I only need to store data for a single type of entity, representing a financial transaction. The main fields (applicable for queries, sorting):
- uuid: unique ID per transaction
- timestamp: time of transaction
- source_id: string (low cardinality, typically < 10 unique values across the data set)
- destination_id: string (low cardinality, typically < 10 unique values across the data set)
- merchant_id: string (high cardinality, ~100k unique values)
There are additional fields (approx 20 total), but these are not required for query or ordering.
I need to query transactions in the following two ways:
- By UUID
- By date range, for exact values of source_id/destination_id, ordered by merchant_id
The UUID query needs to be quick and, whilst the date range query should be as efficient as possible, it is run daily as an offline process so can take longer.
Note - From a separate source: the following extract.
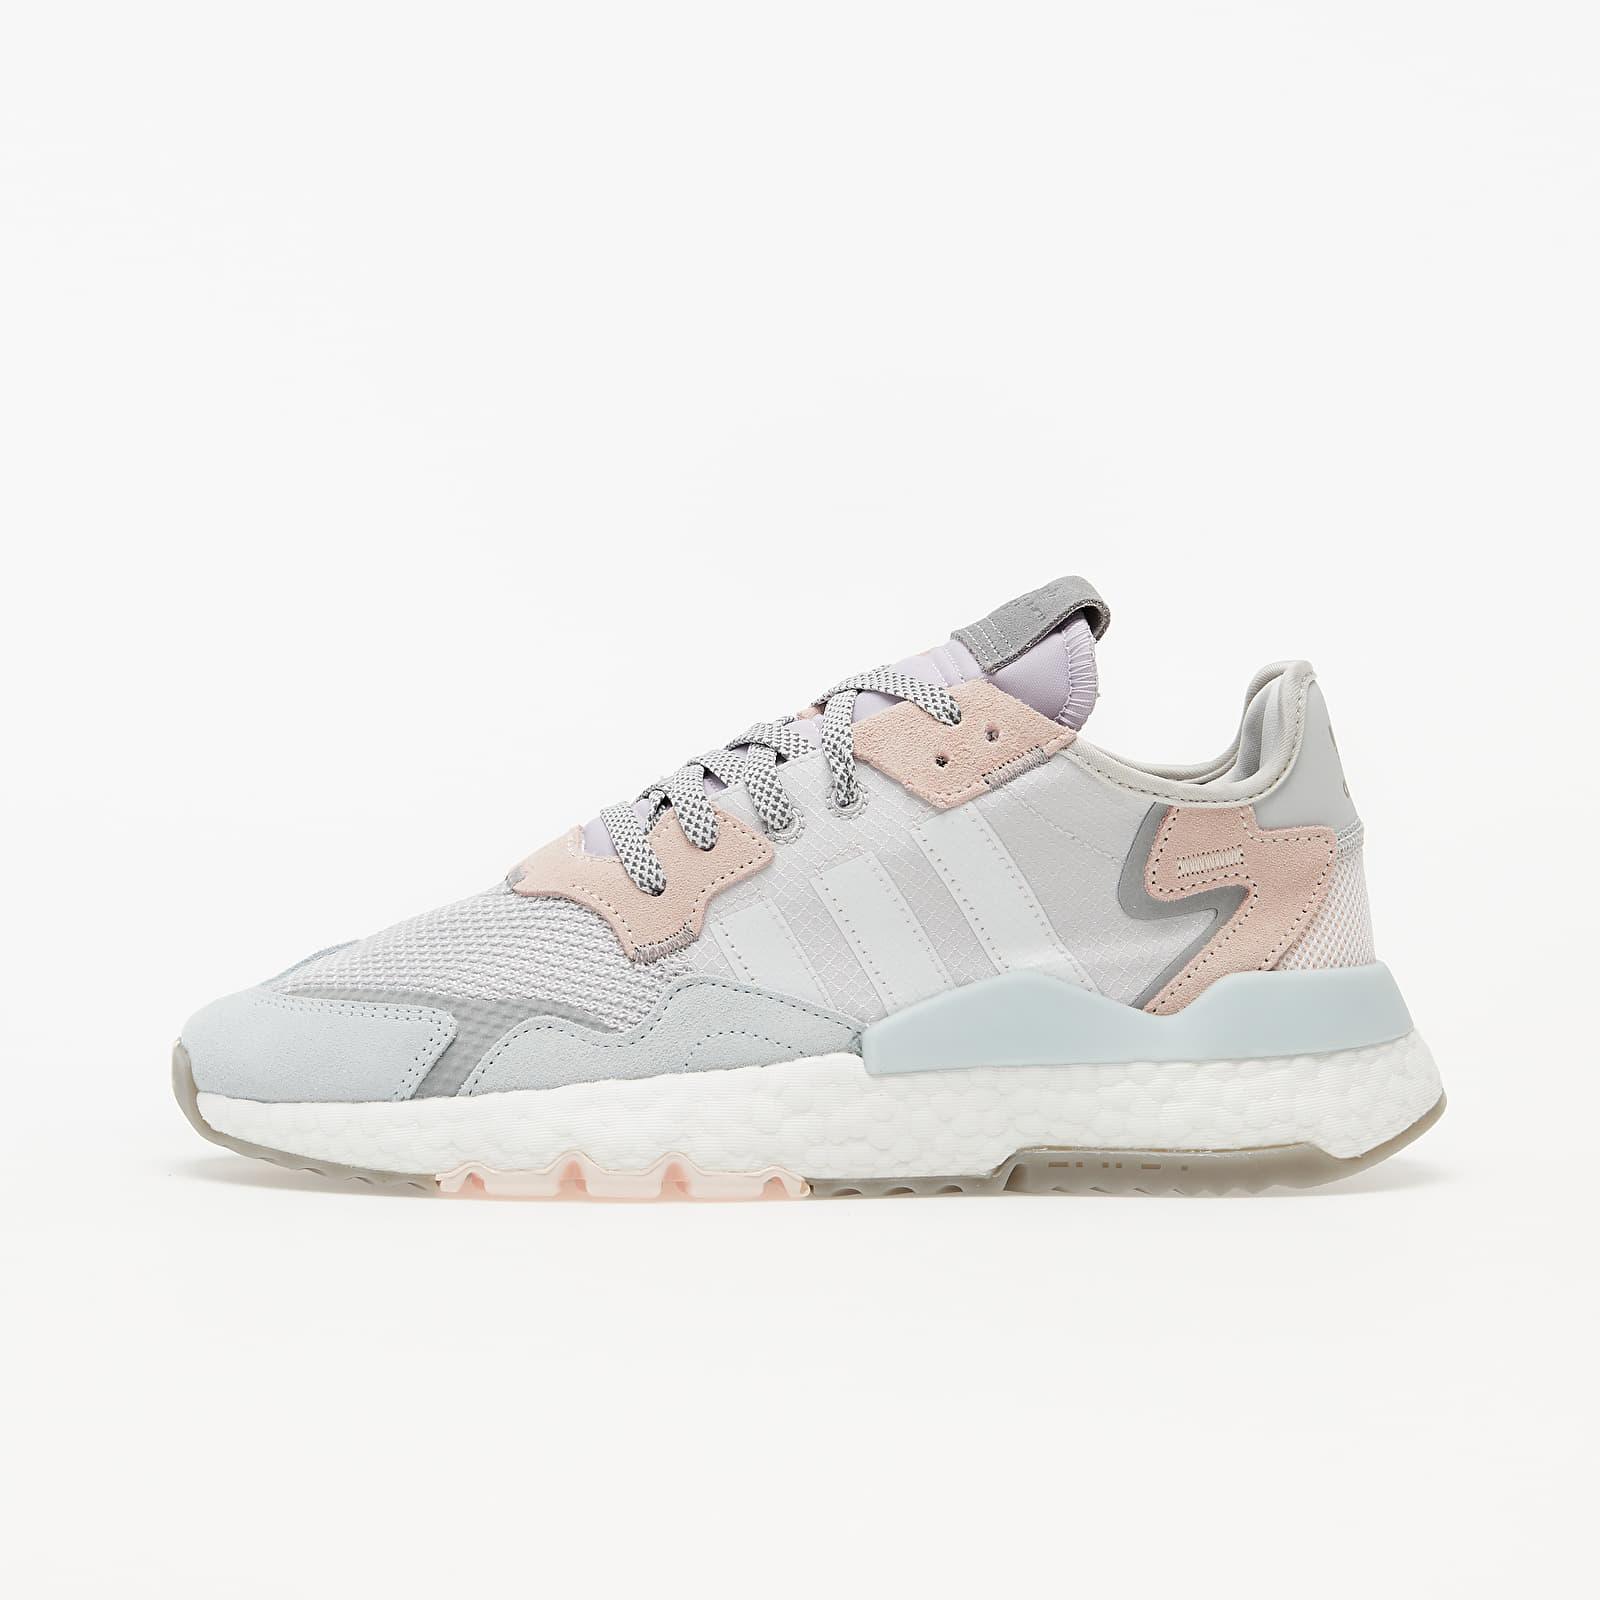 adidas Nite Jogger W Grey One/ Ftw White/ Pink Tint FV1328

It would be good to understand how the query time scales with no. records.
Cassandra will be setup as a cluster of 4 nodes, across 2 data centres, in case this affects the partition key configuration. I'm using Cassandra 2.0.
Being somewhat new to Cassandra, I've been reading about composite keys, timeuuid, slice queries etc but am a little confused. If anyone is able to suggest the right approach, or point me in the right direction, I'd be very grateful.
Thanks.